>>>

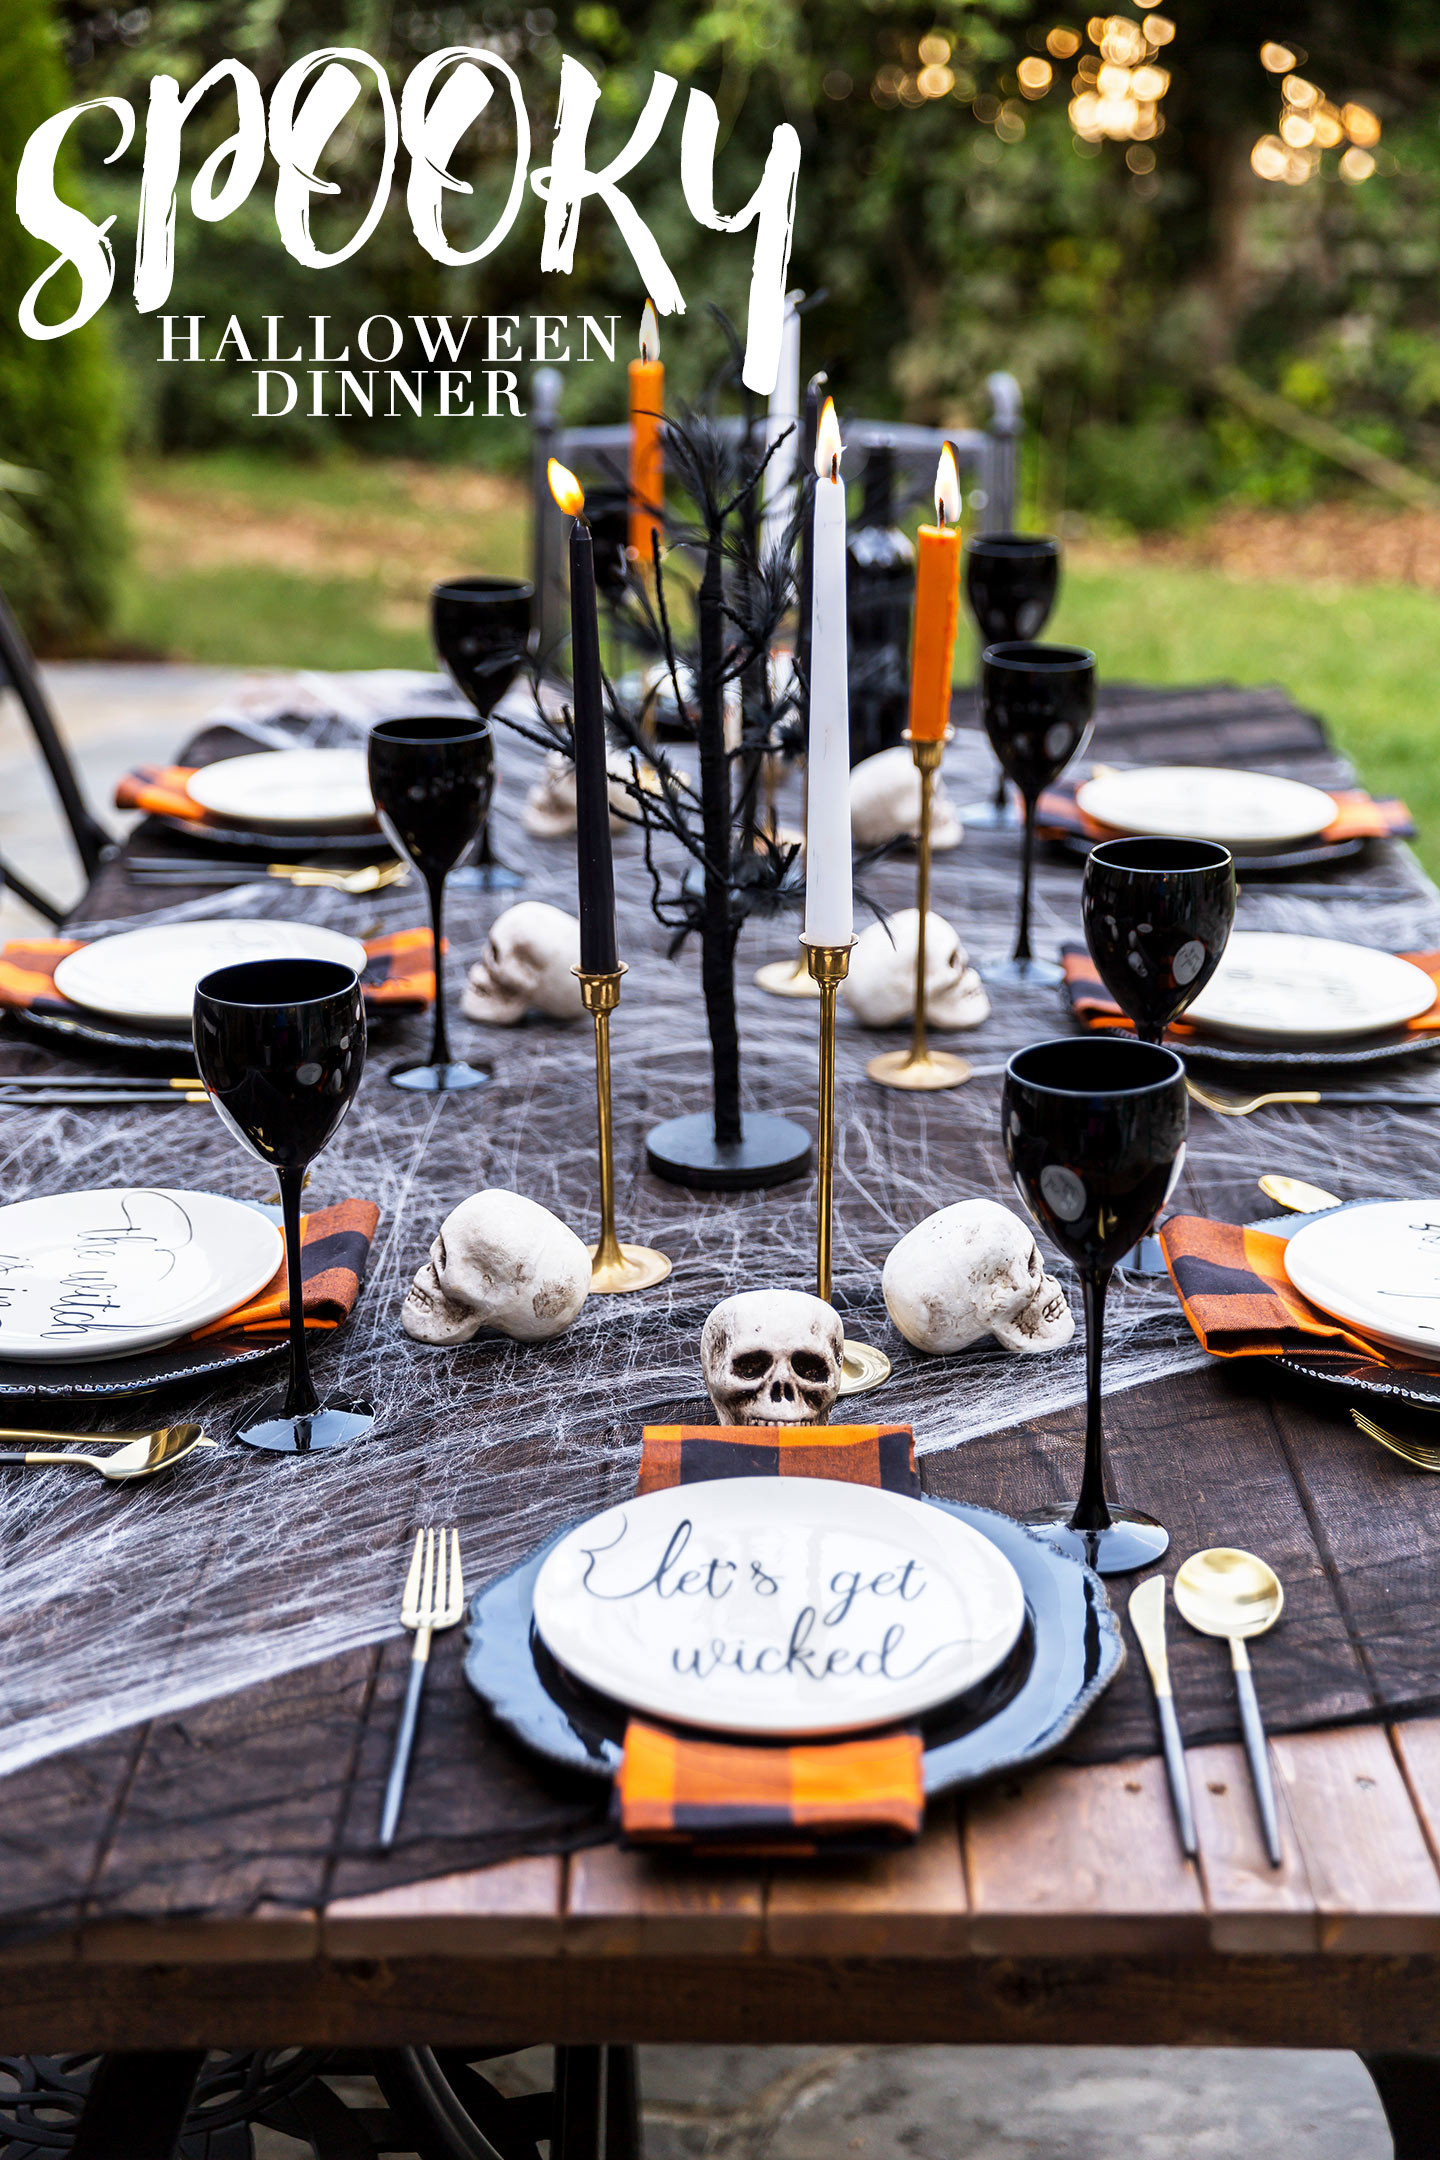 Halloween Theme Party Ideas For Adults
 Adult Halloween Party Decorations & Halloween Menu Ideas
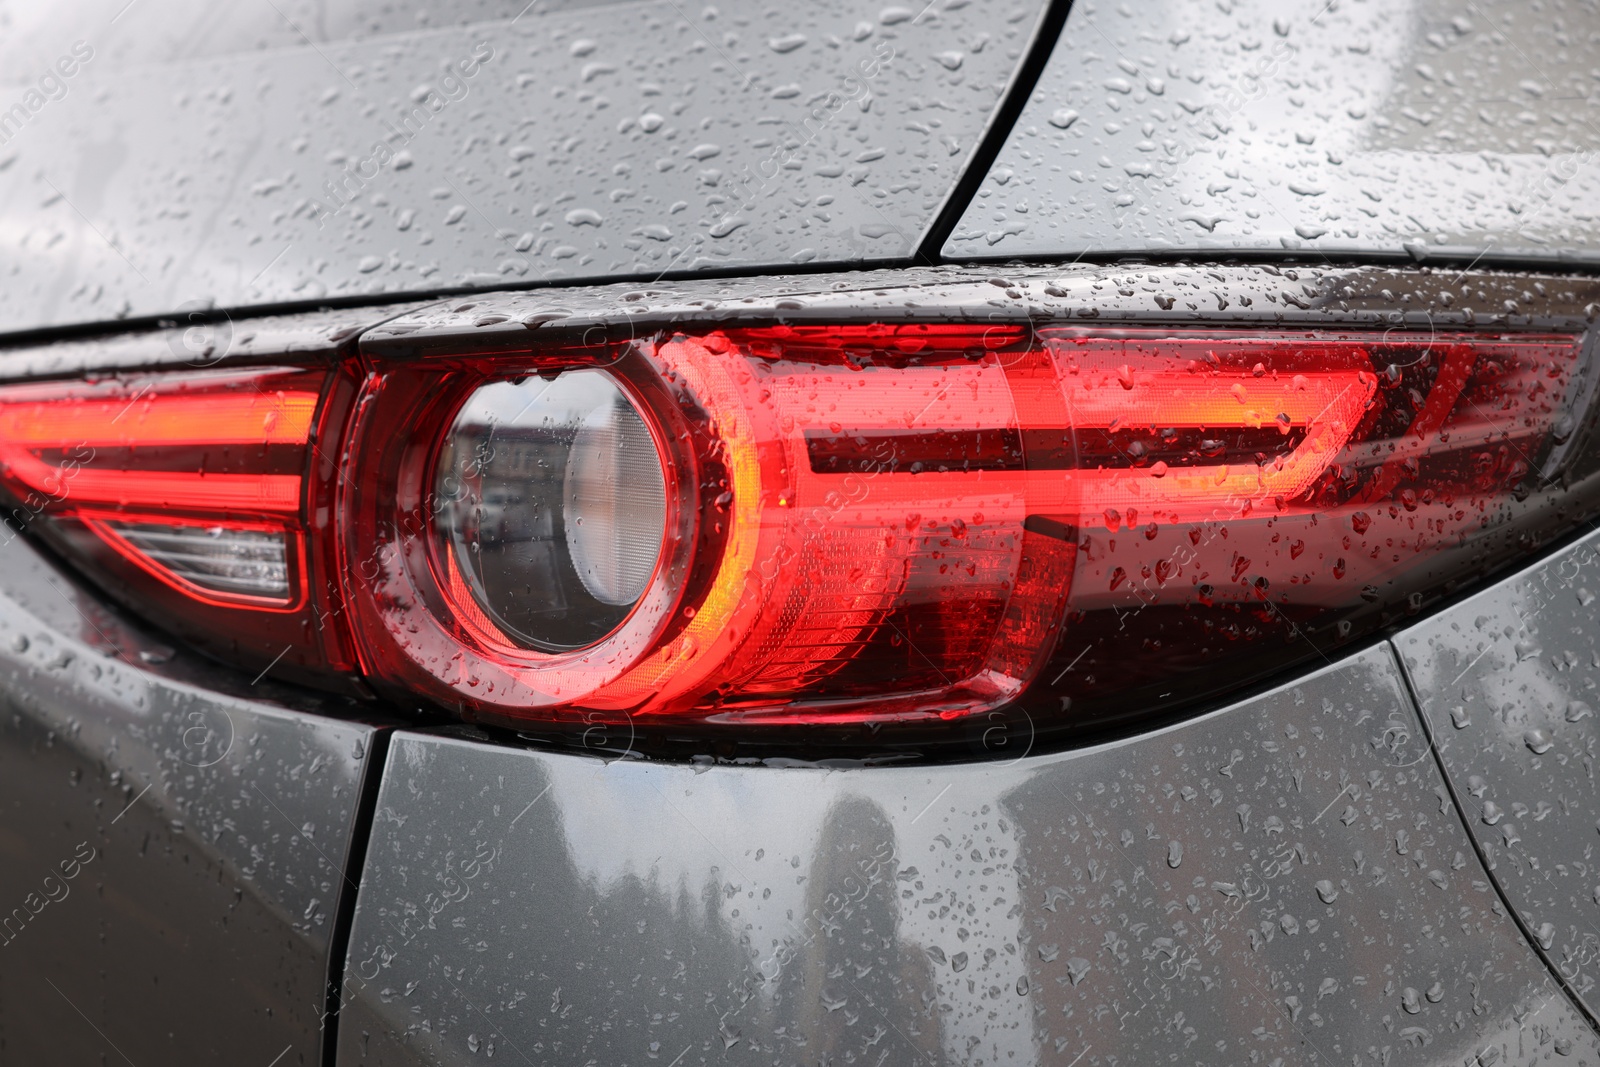 Photo of Car with switched on tail light in drops of water, closeup

<<<

§ **Task requirements**
Keep the pictures out of the copy and return the rest of the data above exactly.

§ **Your response**
 Halloween Theme Party Ideas For Adults
 Adult Halloween Party Decorations & Halloween Menu Ideas
 Photo of Car with switched on tail light in drops of water, closeup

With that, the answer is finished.